Эд улыбнулся, гукнул и потянулся к Кериму. Я отдала малыша, и он уютно устроился на руках колдуна.
— Но Шуарле... — заикнулась я.
— Мой птенец, маленький дружок, чистый отрок, — продолжал Керим печально, покачивая на ладонях развеселившегося Эда. — И жизнь у него была самая обыкновенная для полукровки и самая дрянная, и продолжалась бы дрянным образом, и смерть бы была дрянная, если бы не ты, а ты, государыня, сделала и его жизнь, и его смерть совсем другими... Взор его души сейчас обращен к тебе, но путь лежит на серый берег, устал он — а ты ведь хочешь вернуть его назад, как я тебя понимаю... В мире подзвездном ему быть неприкаянным и больным, страдать душой, выбиваться из сил — состариться и все равно умереть, так?

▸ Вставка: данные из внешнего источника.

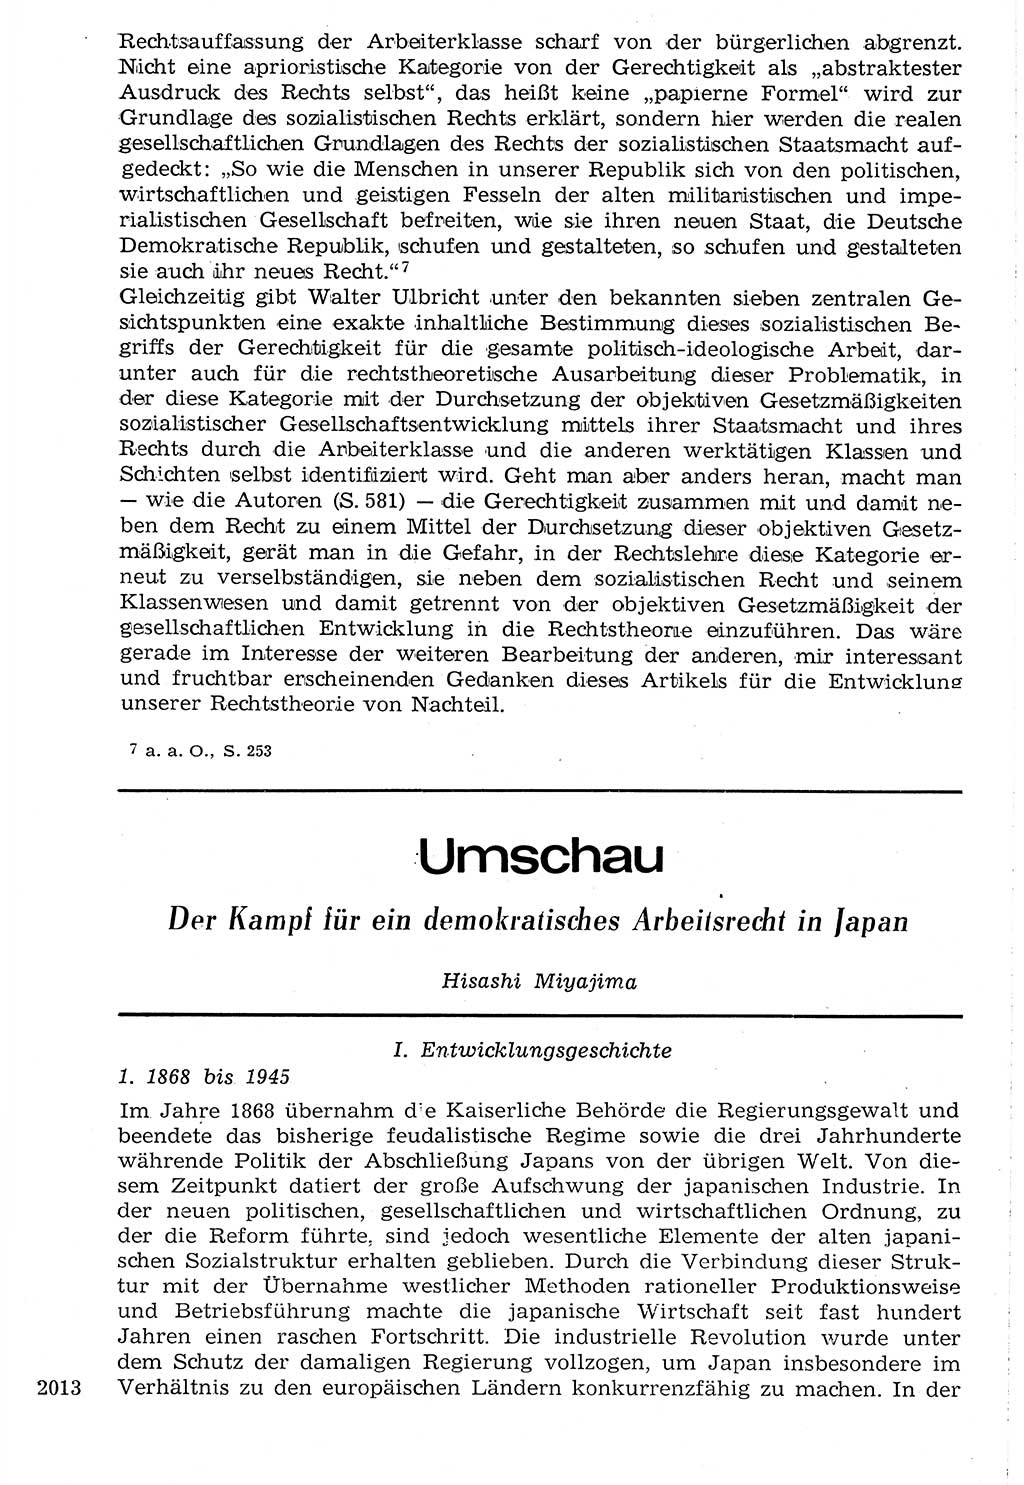 Staat und Recht (StuR), 17. Jahrgang [Deutsche Demokratische Republik (DDR)] 1968, Seite 2013 (StuR DDR 1968, S. 2013)

— Ты не можешь... — я почувствовала безнадежную тоску. — Я такая глупая, Керим... я думала, ты можешь все...
Керим искоса взглянул на меня — и ухмыльнулся.
— Ну как же все, государыня, — сказал он, как в старые добрые времена. — Все, я так считаю, даже боги не могут, а я только Солнечный Пес, но кое-что я, все-таки могу, так что не стоит тебе, государыня, на свой ум пенять. Тетка моя, Сейад, встретила Раадрашь за рекой, хоть Раадрашь там долго и не останется, вот увидишь, она снова родится на свет — так что тетка моя и тебя проводит к самому берегу. Ты с Шуарле поговоришь — и если он захочет вернуться, значит он вернется, а если уж не захочет или не сможет, так, значит, судьба его такая...
— Колдуны не умирают? — спросила я, думая о Сейад.
— А смерть — это вообще не колдовское слово, — сказал Керим. — Это ваше слово, людей из мира подзвездного, а наше слово — Путь, еще — Переход, еще — Изменение, тут уж бывает по-разному. Так пойдешь ли на берег звать своего слугу, государыня моя?
Я вспомнила серую муть у стен города теней — ту, что скрывала берег — и мне стало холодно под полуденным солнцем.
— Пойду, — сказала я. — Керим, ты же знаешь, что Шуарле мне не просто слуга... Только я не знаю дороги.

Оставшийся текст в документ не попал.